The CXL® protocol is highly sensitive to latency, and the IDE algorithm, AES-GCM, can have a latency penalty when an EPOCH (also referred to herein as epoch) is started. An AES engine can take 7 or 14 cycles from the input of the EPOCH computing the AES data for the output. For example, a basic AES operation can include expanding a key, performing an initial process on input data, and then round calculations repeated 7 or 14 times to provide an output, resulting in the 7 or 14 cycles for the basic AES operation. For example, one integrated circuit operating at 1 GHz can require one cycle for each round calculation, resulting in 14 cycles for the 128-bit output. Another integrated circuit can do two round calculations in one clock cycle, resulting in 7 cycles for the 128-bit output. As such, there is a latency penalty of 7 or 14 clock cycles.

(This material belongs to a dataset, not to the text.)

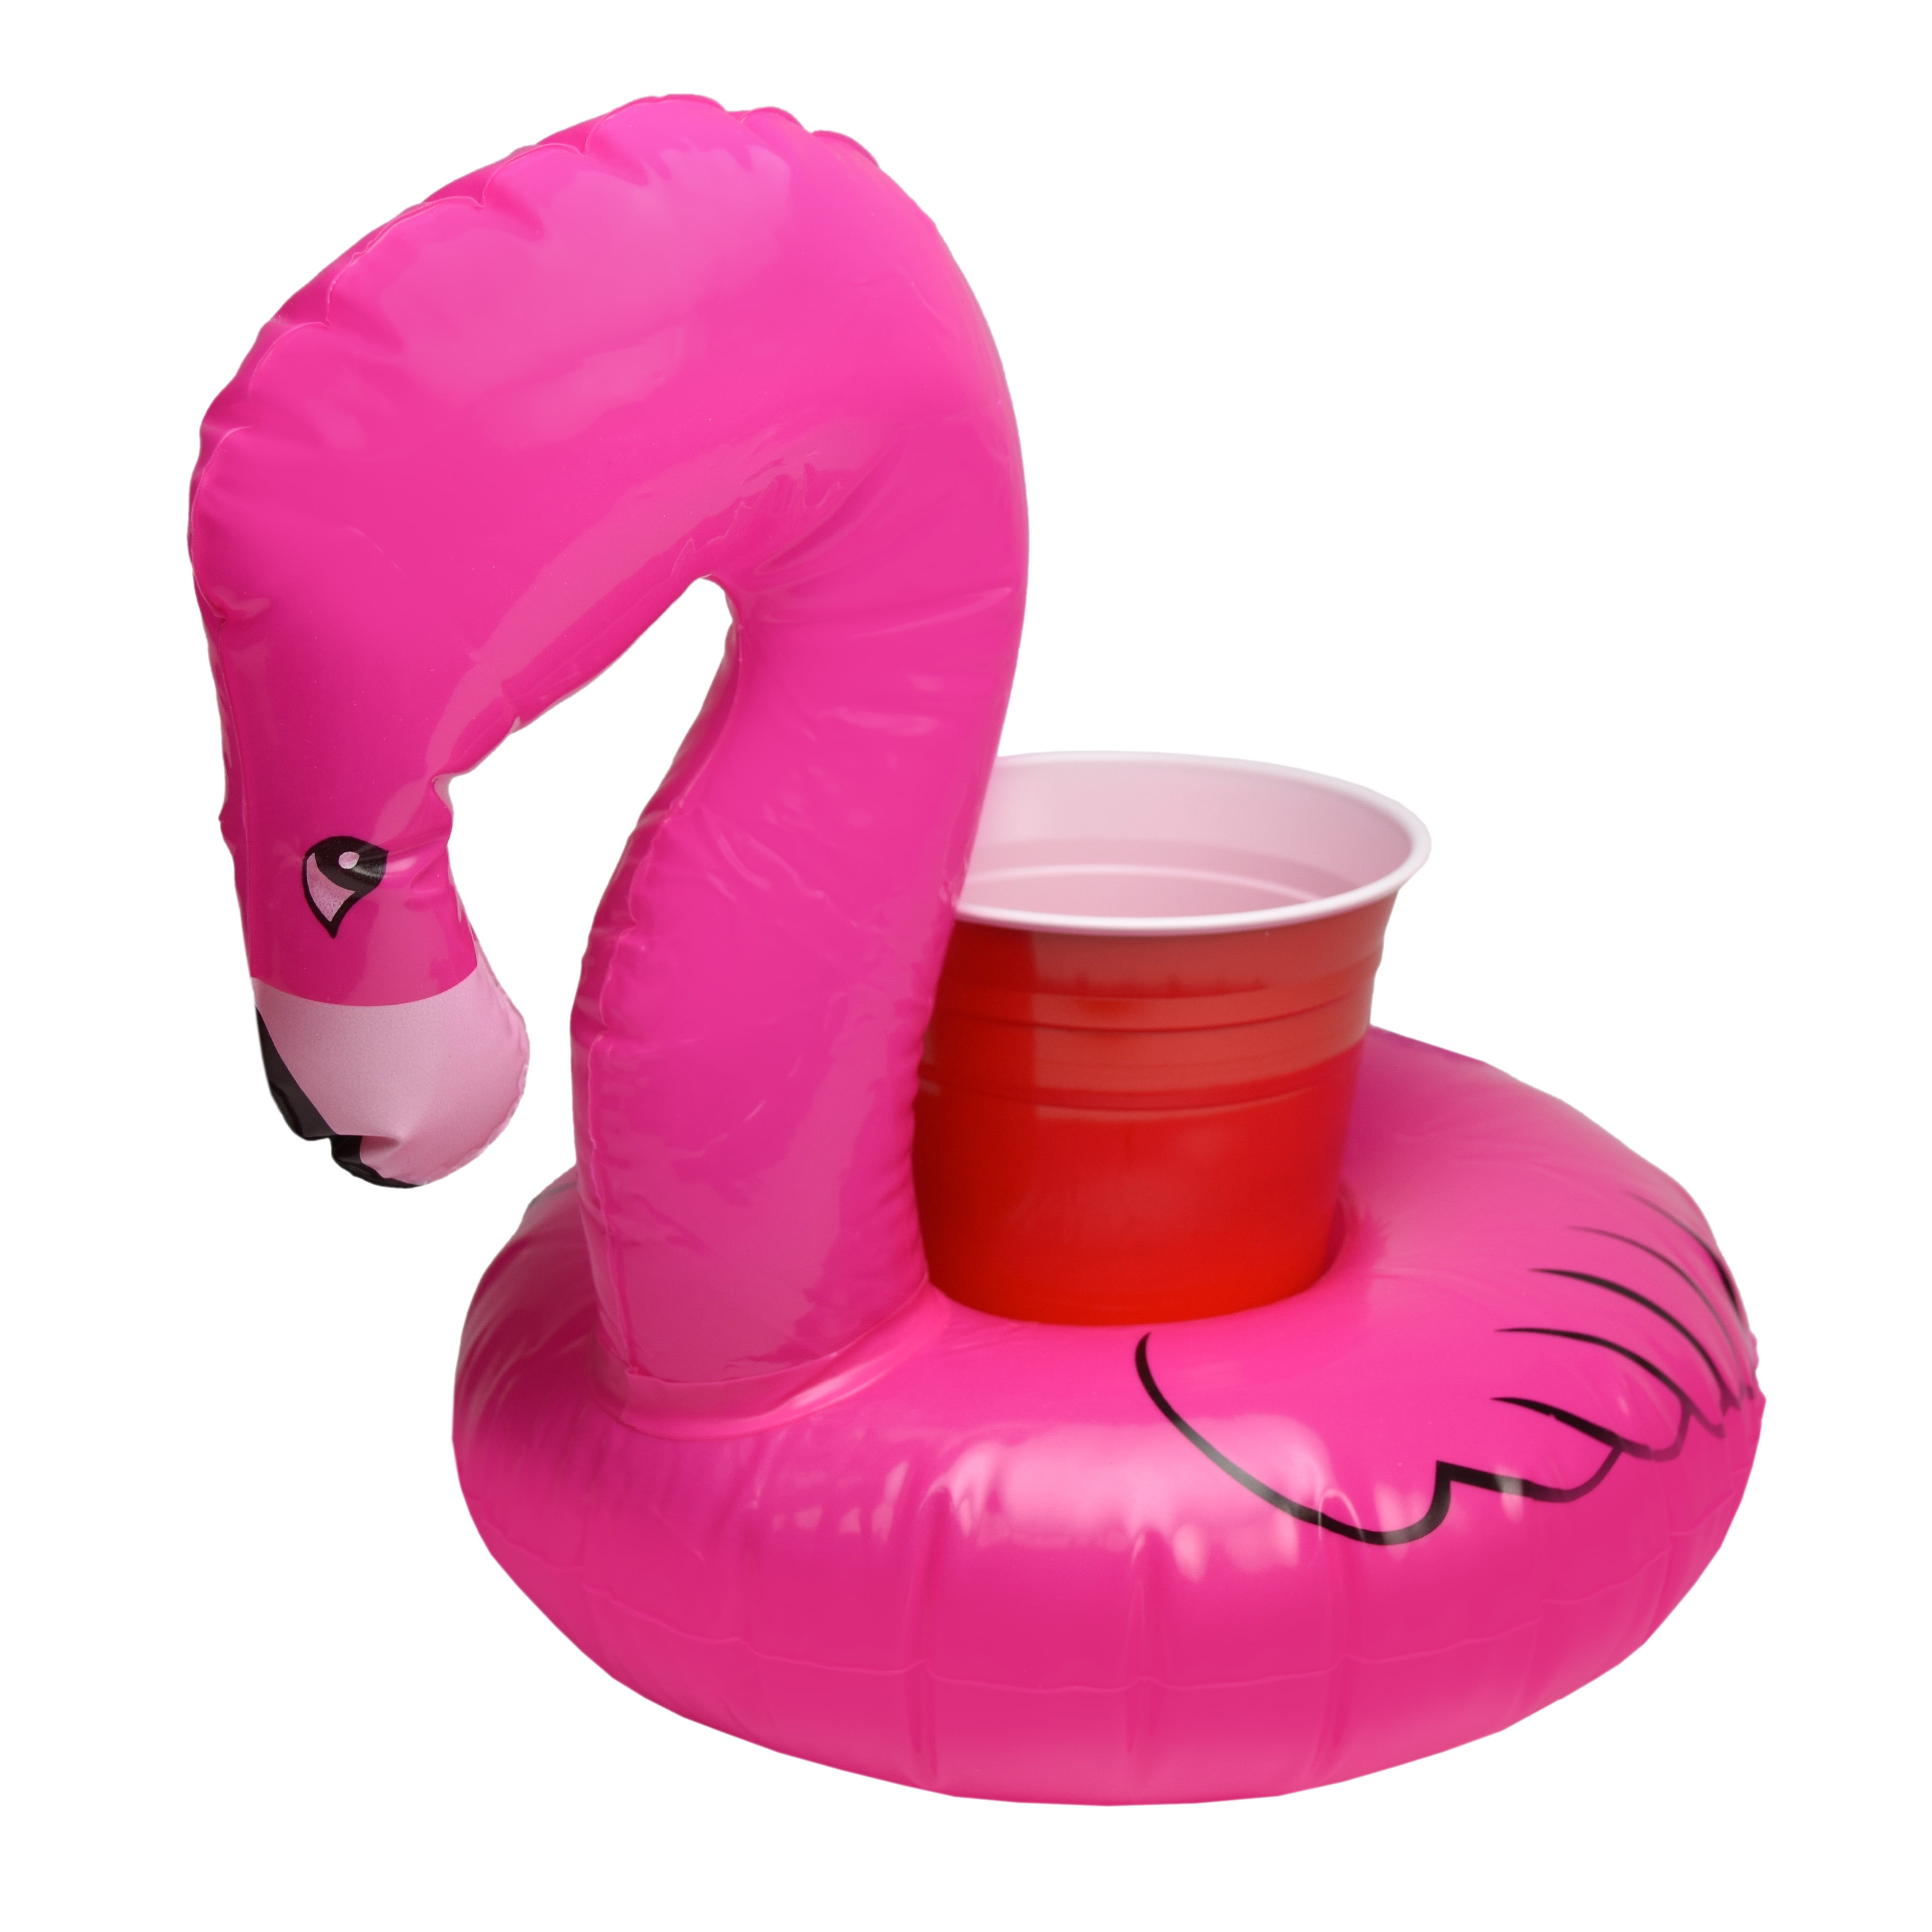 Flamingo Cup15 for sale online Funky Tropical Inflatable Drinks Holder

Aspects of the present disclosure and embodiments address these problems and others by providing a latency-controlled cryptographic circuit that can have zero latency or low latency for IDE by calculating AES data in advance before it is needed and performing an XOR operation on the main data path with the input data as it arrives. The latency-controlled cryptographic circuit can control when the input data (e.g., plaintext or ciphertext) arrives to correspond to when the AES data is ready for the XOR operation in the main data path. The latency-controlled cryptographic circuit can prepare the AES engine to be ready to receive a corresponding flit with no latency. A flit (also referred to as a flow control unit or digit) is a link-level atomic piece of data that forms a network packet or stream. An AES engine can have a pre-determined input and calculate an AES output. The AES output can be pre-determined by the AES engine and available for the XOR operation when the input data (e.g., plaintext or ciphertext) arrives in the main data path.

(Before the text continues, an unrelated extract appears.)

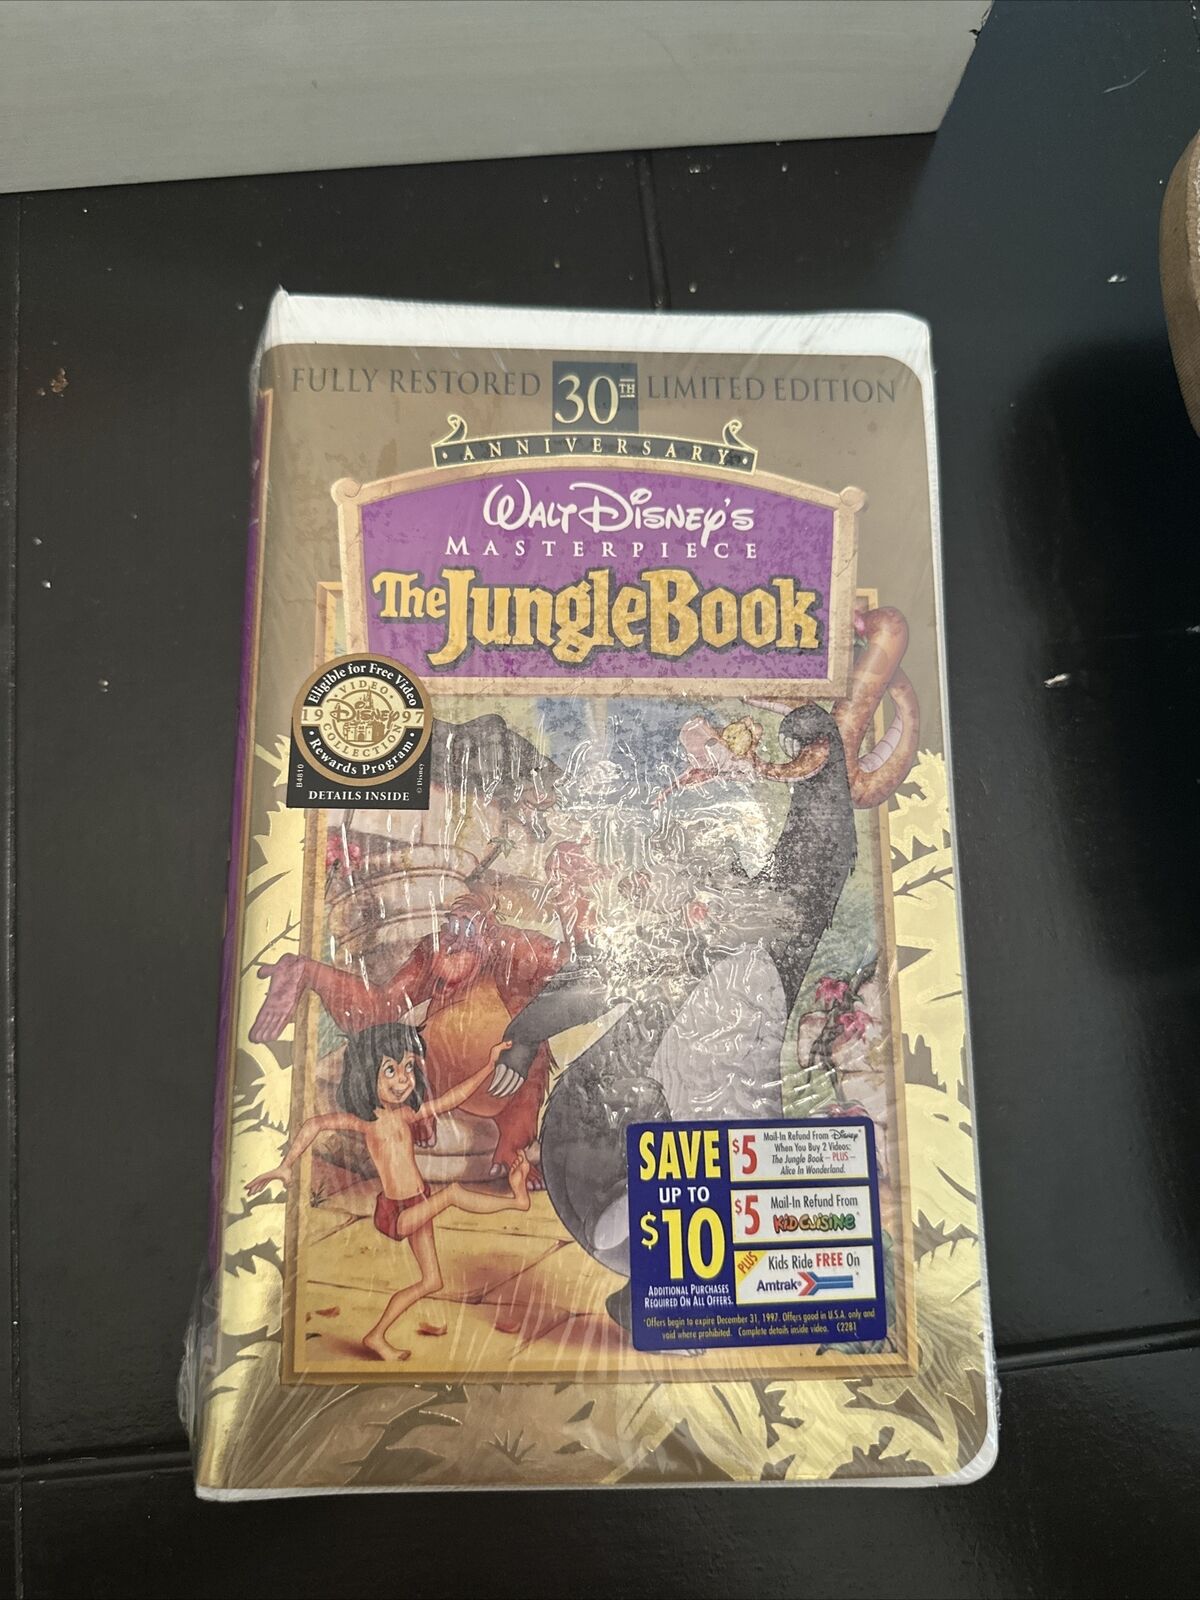 The Jungle Book VHS Masterpiece Collection 30th Limited Edition

Aspects of the present disclosure and embodiments can be used for all applications with a fixed epoch size (also referred to as a fixed epoch length) when using the AES-GCM algorithm. For example, in the CXL® IDE specification, the input of the AES engine (e.g., AES encoder or AES decoder) is pre-defined with a fixed epoch size of 5 or 128 flits, and the AES engine has a fixed latency, such as 7 or 14 clock cycles. A programmable pre-operation delay of the AES engine can be used to pre-calculate the required AES data before the normal operation for transmitting or receiving data. The AES output can be ready before needed or as needed. Aspects of the present disclosure and embodiments can be used for all applications with a variable range of epoch size but fixed to a known epoch size. With the pre-known epoch size, the inputs of an AES engine can be pre-determined and ready at the right time. Even if the epoch size is truncated, as allowed by the CXL® IDE specification, the latency-controlled cryptographic circuit can handle the epoch correctly by purging an AES pipeline with a defined delay.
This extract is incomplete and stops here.